Highest point
- Elevation: 1,100 m (3,600 ft)
- Coordinates: 11°32′33″N 78°14′28″E﻿ / ﻿11.54250°N 78.24111°E

Dimensions
- Length: 19.3121 km (12.0000 mi) E-W
- Width: 9.3342 km (5.8000 mi) N-S
- Area: 180.2632 km^{2} (69.6000 mi^{2})

Naming
- Language of name: Tamil

Geography
- Location: Vennandur block, Rasipuram taluk
- Parent range: Eastern Ghats
- Biome: Forests

= Bodhamalai =

Bodhamalai or Bodamalai is a hill in Namakkal district of Tamil Nadu.

==Geography==
Bodhamalai is an offshoot of Kolli Hills running 12 km in an east–west direction between Jarugu and Kolli Hills.

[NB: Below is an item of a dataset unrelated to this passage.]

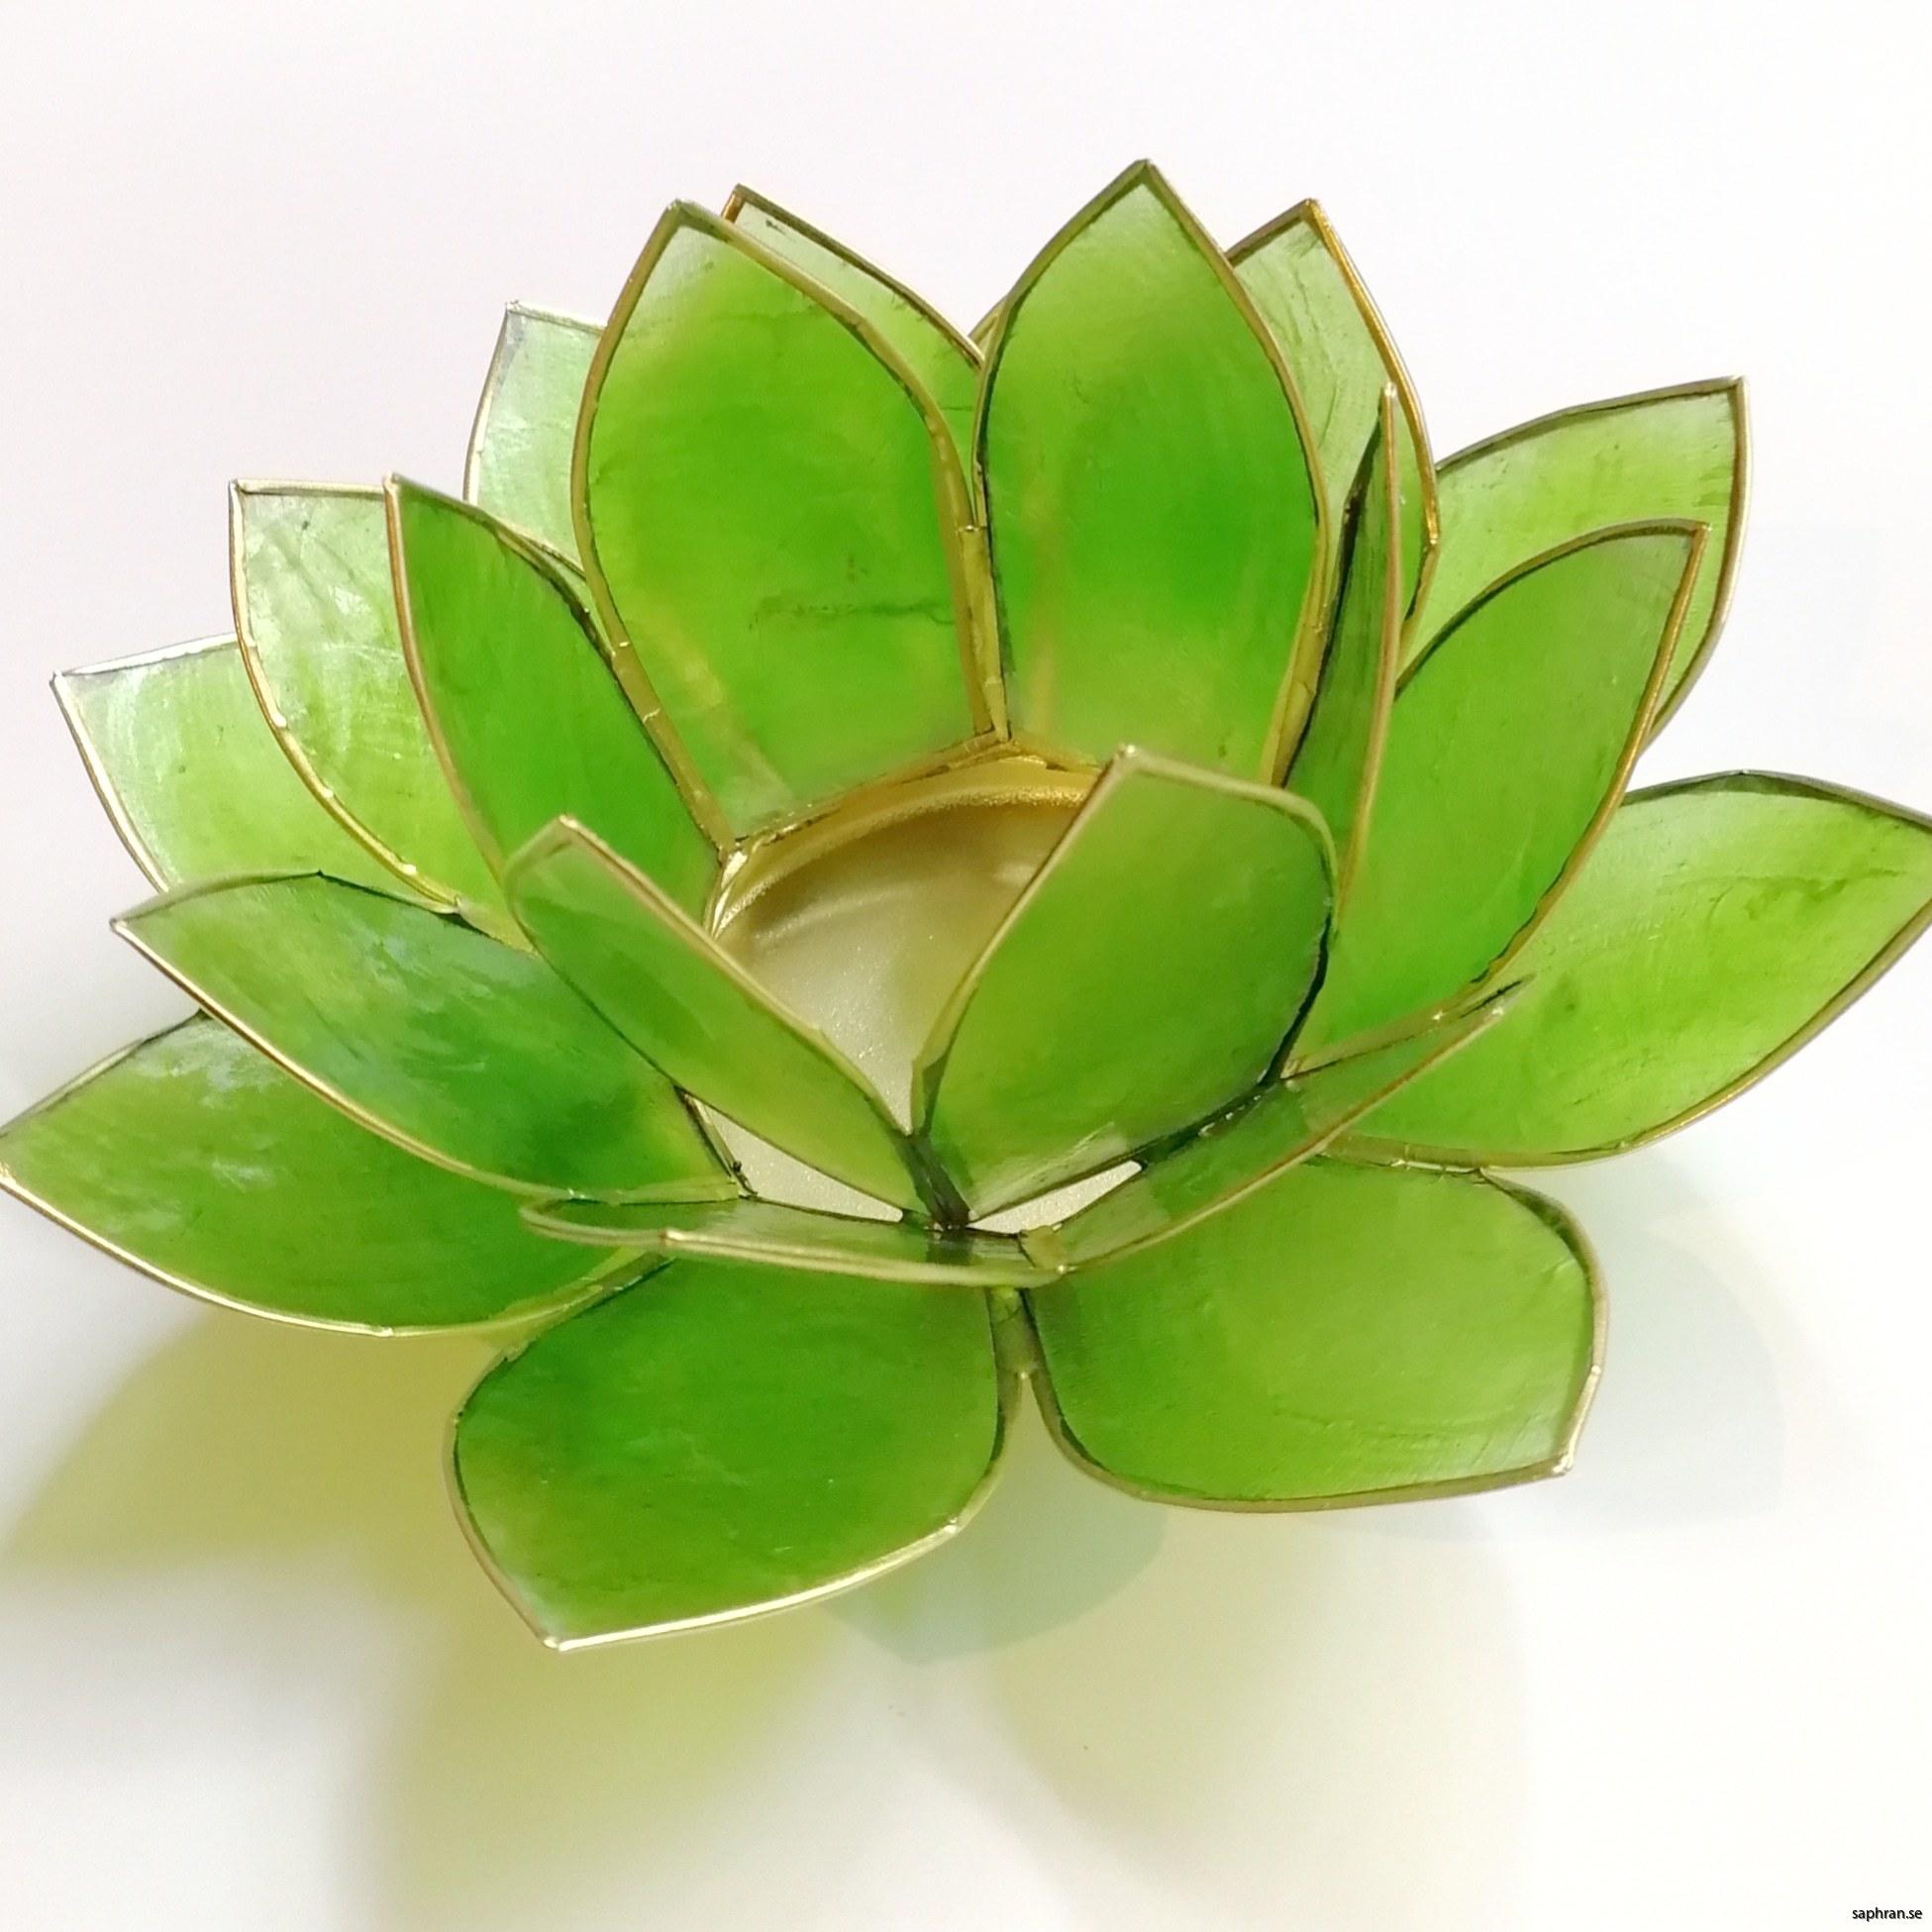 Lotusblomma ljuslykta 7 färger, gron

The height ranges from 800 meters to 1200 meters.

Keelur, Melur, Gedamalai are some hill villages of Bodhamalai.
Bodhamalai is a parts of Eastern ghats in Salem district and Namakkal district of Tamil Nadu. The Kolli hill is located forty kilometres south from Bodhamalai. The Yercaud or Shevaroy Hills of Salem district is located seventy kilometres north from Bodhamalai. The nearest town Rasipuram is located twenty kilometres South from Bodhamalai.
Salem is located forty four kilometres north from Bodhamalai. The district capital Namakkal is located forty eight kilometres south from Bodhamalai. Mettala is located twenty one kilometres east from Bodhamalai. Vennandur is located thirty kilometres west from Bodhamalai.
Here the hill tribes live very little. All of them are displaced from Kolli hill and live here. No bus facility. You have to go for a walk.

==Herbal plants==
Several species of herbal plants grow in Bodhamalai. The local people sell herbal leaves, roots, tuber, stem, crust of herbal plant.

==Demographics==
Tribals live in Kizhur, Mellur and Kedamalai hamlets. Agriculture and rearing live stocks is their main occupation.

==Administration==
The area falls under the Rasipuram taluk and in the Rasipuram Assembly constituency in Namakkal district.